To subsist. To prevail. What is existing?
Honi Soit‘s 2024 writing competition wants YOU to interrogate the notion of existing, what it means to you, students or the world. Are we existing as we should? How do we draw the boundaries of what exists and what does not? How do existing things interact with threats to extinction? Draw on personal experiences, worldly fears and more. Don’t draw limits.
This competition is open to all University of Sydney students, and is divided into fiction and non-fiction categories.

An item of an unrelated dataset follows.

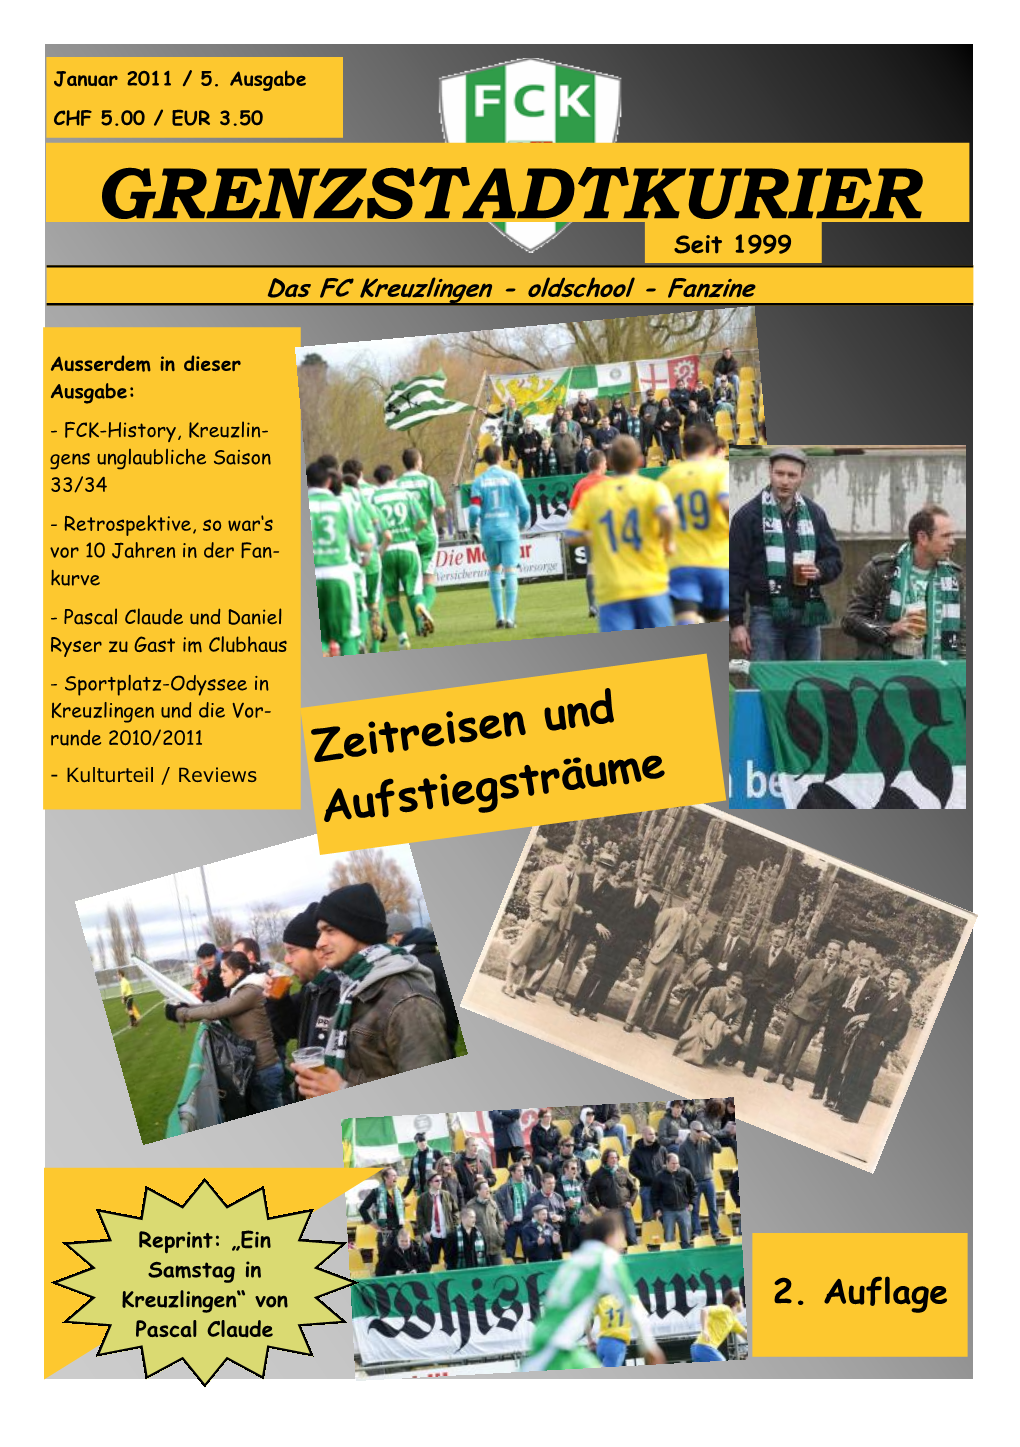 GRENZSTADTKURIER Seit 1999 Das FC Kreuzlingen - Oldschool - Fanzine

NON-FICTION: Pieces can be up to 1200 words, and must of an opinion genre expressing a clear argument. Re-imagine, revisit, re-examine. We want you to convince, challenge and provoke us.
FICTION: Pieces can be up to 2000 words of prose or 40 lines of poetry. However, you are not restricted to write in these styles. Be as creative as you would like, and interpret the theme as broadly as you wish while still maintaining thematic links.
PRIZE MONEY (in each category):
First place – $2000
Second place – $700
Third place – $250
Editors’ choice – $50
JUDGES:
FICTION — Sara M Saleh
Sara M Saleh is a writer, human rights lawyer, and the daughter of Palestinian, Lebanese and Egyptian migrants. Her poems, essays and short stories have been published widely in English and Arabic. Her first novel Songs for the Dead and the Living (Affirm Press) and first full-length poetry collection The Flirtation of Girls/Ghazal el-Banat (UQP) were both released late 2023.
Sara made history as the first poet to win both the 2021 Peter Porter Poetry Prize and the 2020 Judith Wright Poetry Prize, she was recently shortlisted for the University of Canberra’s Vice-Chancellor’s Prize, and she is the recipient of the inaugural Affirm fellowship for Sweatshop writers, a Neilma Sidney travel grant, Varuna writers residency, and Amant writers residency in New York, amongst other honours. Sara is based on Bidjigal land (Sydney, Australia) with her partner and their four fur babies.
NON-FICTION — Naaman Zhou
Naaman Zhou is a former editor of Honi Soit. He was a reporter for Guardian Australia and is currently a copy editor at The New Yorker.
SUBMISSIONS – Entries to the 2024 Competition have closed and are now in judging
Entries are open to all USyd students and will close Sunday April 14th at 11.59pm. You can submit one work per category (two pieces maximum).
Winners and top-placing entries will be published in a future edition of Honi.
Submissions for the 2024 Honi Soit Writing Competition have now closed.